The clinical infomation at the GDC is encapsulated in the cases records. Here, I introduce the gdc_clinical() function from the GenomicDataCommons package that takes as input GDC case IDs and returns a set of four related data.frames:

  • main: important case metadata
  • demographics: basic demographic information
  • exposures: zero or more documented exposures
  • diagnoses: zero or more diagnoses per case

As an example application, we will examine the clinical details for 100 lung adenocarcinoma patients from TCGA (“TCGA-LUAD”). The case ids are available through a basic cases() query, filtered to include only samples that belong to the project from TCGA-LUAD (stored in the project.project_id field). The query to get these case_ids, then, looks like:

case_ids = cases() %>%
    filter(~ project.project_id == 'TCGA-LUAD') %>%
    results(size=100) %>%
    ids()
head(case_ids)
## [1] "ffb0c0b7-165e-4439-b3e6-62431f40b7fe"
## [2] "f98ecd8a-b878-4f53-b911-20cd8e17281c"
## [3] "ccfdad76-cc45-447f-bed8-ede8f6a8844d"
## [4] "9fcdccae-676e-4071-93c3-23d2d3ab0c00"
## [5] "0232d299-4cdf-4fd7-9a5e-8d13c208b40c"
## [6] "bc4c4079-b449-485d-84e4-a40496e563e8"

These case_ids, each representing a single case (patient) in the GDC, can be be fed directly to gdc_clinical.

clin_res = gdc_clinical(case_ids)

The result is a list of data.frames:

names(clin_res)
## [1] "demographic" "diagnoses"   "exposures"   "main"

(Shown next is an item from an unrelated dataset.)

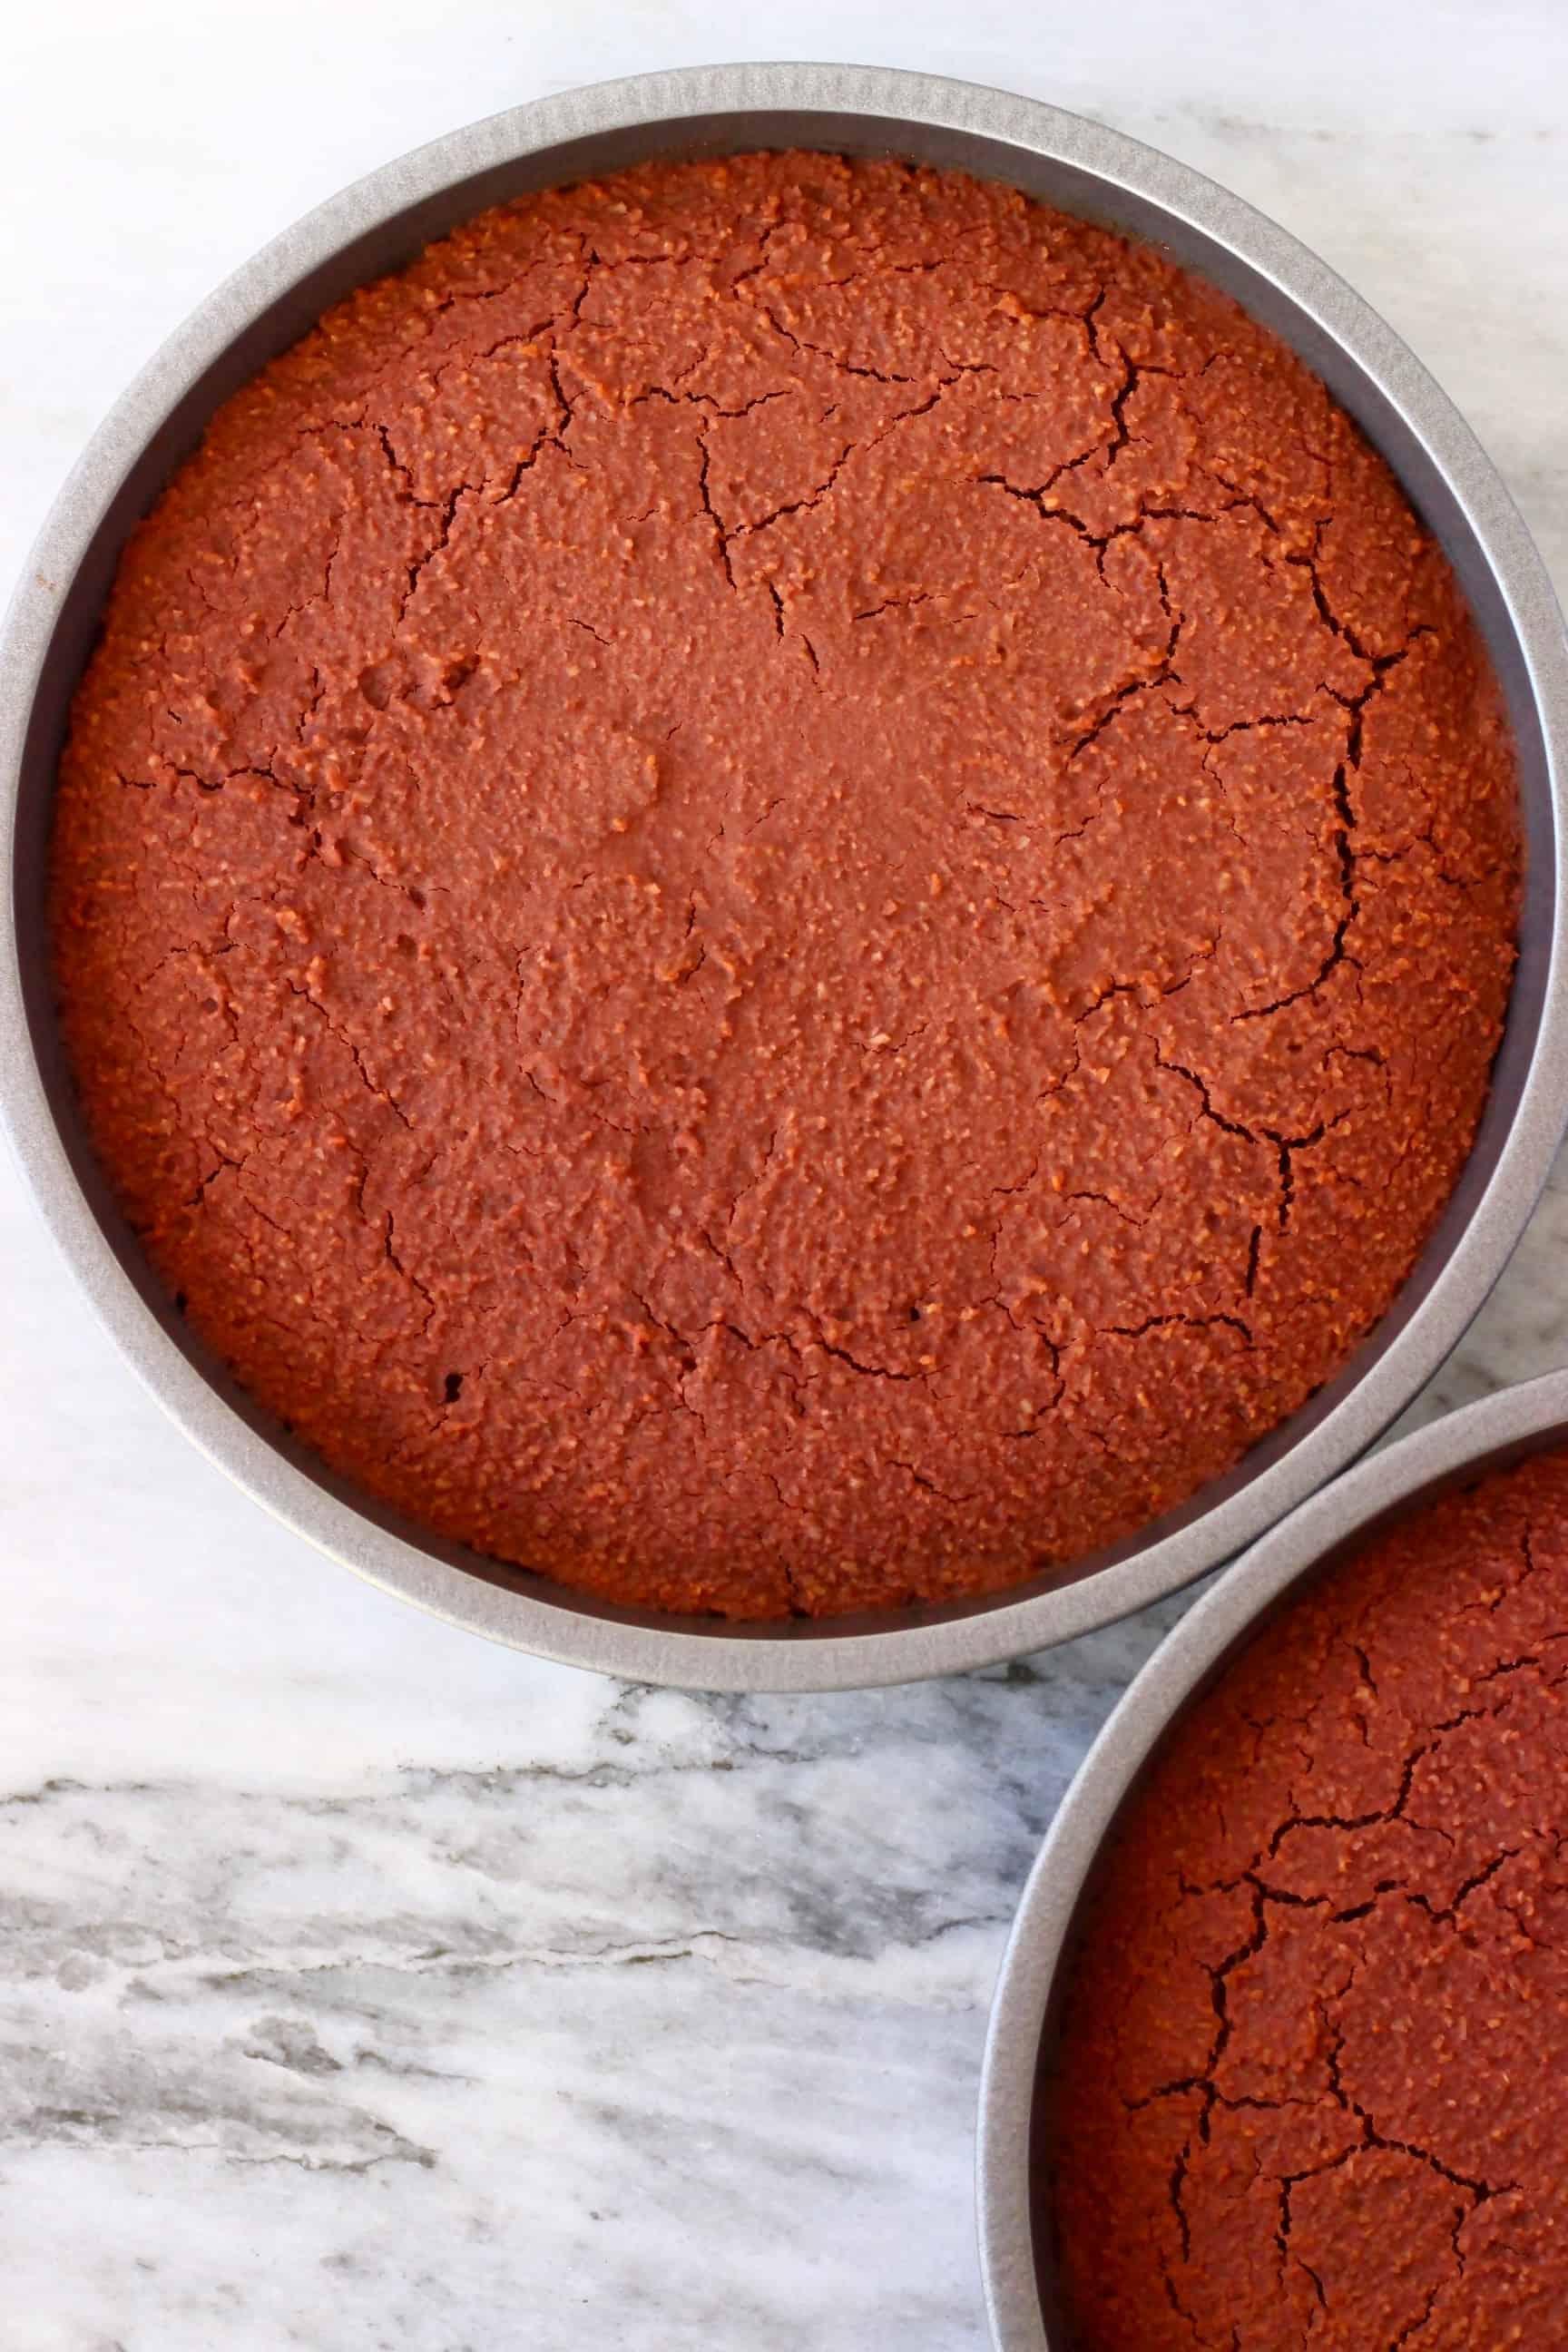 Two gluten-free vegan red velvet cake sponges in circular baking tins

The the dimensions of these data.frames is instructive.

sapply(clin_res, dim) %>%
    t() %>%
    data.frame() %>%
    set_names(c('rows','columns'))
##             rows columns
## demographic  100      11
## diagnoses     82      23
## exposures     82      13
## main         100       8

And the column names for each are helpful to examine:

sapply(clin_res, colnames)
## $demographic
##  [1] "updated_datetime" "created_datetime" "gender"          
##  [4] "year_of_birth"    "submitter_id"     "state"           
##  [7] "race"             "demographic_id"   "ethnicity"       
## [10] "year_of_death"    "case_id"         
## 
## $diagnoses
##  [1] "case_id"                          
##  [2] "classification_of_tumor"          
##  [3] "last_known_disease_status"        
##  [4] "updated_datetime"                 
##  [5] "primary_diagnosis"                
##  [6] "submitter_id"                     
##  [7] "tumor_stage"                      
##  [8] "age_at_diagnosis"                 
##  [9] "vital_status"                     
## [10] "morphology"                       
## [11] "days_to_death"                    
## [12] "days_to_last_known_disease_status"
## [13] "created_datetime"                 
## [14] "state"                            
## [15] "days_to_recurrence"               
## [16] "diagnosis_id"                     
## [17] "tumor_grade"                      
## [18] "tissue_or_organ_of_origin"        
## [19] "days_to_birth"                    
## [20] "progression_or_recurrence"        
## [21] "prior_malignancy"                 
## [22] "site_of_resection_or_biopsy"      
## [23] "days_to_last_follow_up"           
## 
## $exposures
##  [1] "case_id"            "cigarettes_per_day" "weight"            
##  [4] "updated_datetime"   "alcohol_history"    "alcohol_intensity" 
##  [7] "bmi"                "years_smoked"       "submitter_id"      
## [10] "created_datetime"   "state"              "exposure_id"       
## [13] "height"            
## 
## $main
## [1] "updated_datetime" "submitter_id"     "case_id"         
## [4] "id"               "disease_type"     "created_datetime"
## [7] "state"            "primary_site"

Note the each data.frame contains a case_id column by design to allow arbitrary joining of the tables to each other. In this case, the data relationships are not too complicated, but one might imagine situations arising that include many-to-many relationships that are hard to handle in a fully general way without some understanding of downstream use (what do we want to do with the clinical information?). In this relatively simple case, we can create a “master” data.frame by joining all the records from each data.frame.

library(dplyr)
full_clin = with(clin_res,
     main %>%
     left_join(demographic, by = "case_id") %>%
     left_join(exposures, by = "case_id") %>%
     left_join(diagnoses, by = "case_id"))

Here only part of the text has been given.